ESMO 2025 Presentation Schedule
AbbVie will deliver multiple presentations during ESMO 2025, spanning oral sessions, mini oral sessions, and poster presentations covering both investigational and approved ADCs. Key presentations include:
- Temab-A in MET-amplified solid tumors (oral presentation, Oct 19, Bremen Auditorium)
- Temab-A plus bevacizumab in advanced CRC (mini oral session, Oct 19, Cologne Auditorium)

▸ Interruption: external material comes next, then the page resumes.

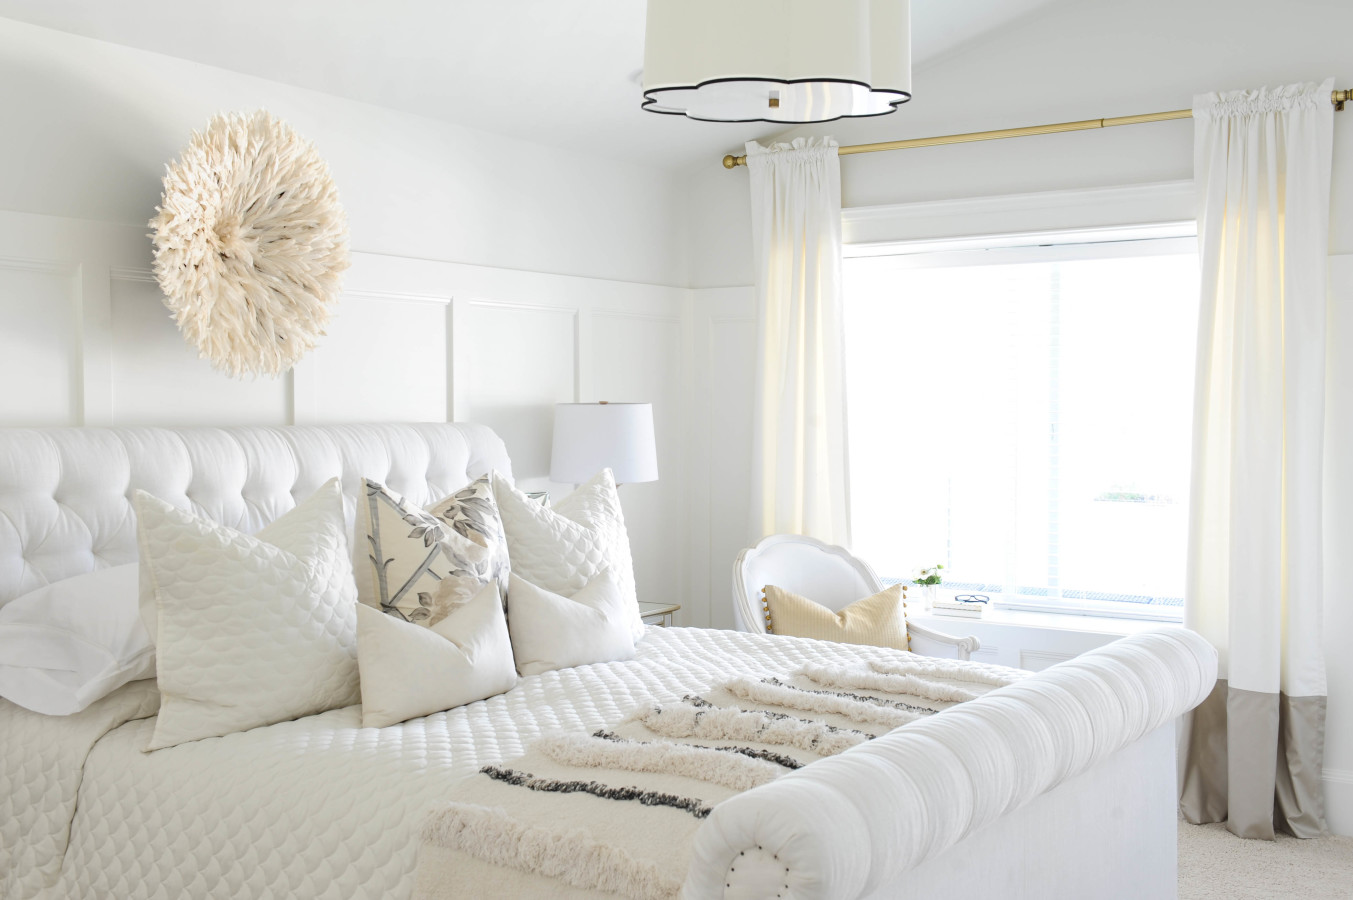 Dormitorio blanco en estilo moderno (35 fotos): diseño de interiores

- Temab-A in PDAC (mini oral session, Oct 20, Bonn Auditorium)
- ABBV-706 in R/R SCLC, including ctDNA and molecular response analyses (poster session, Oct 18)
- Mirvetuximab soravtansine (Elahere™) in platinum-resistant ovarian cancer (poster session, Oct 18)
Other posters and e-posters will present real-world data on c-Met overexpression in NSCLC, treatment outcomes following Teliso-V (telisotuzumab vedotin) dose modifications, ocular safety findings, and companion diagnostic development to identify patients likely to benefit from c-Met-targeted therapies.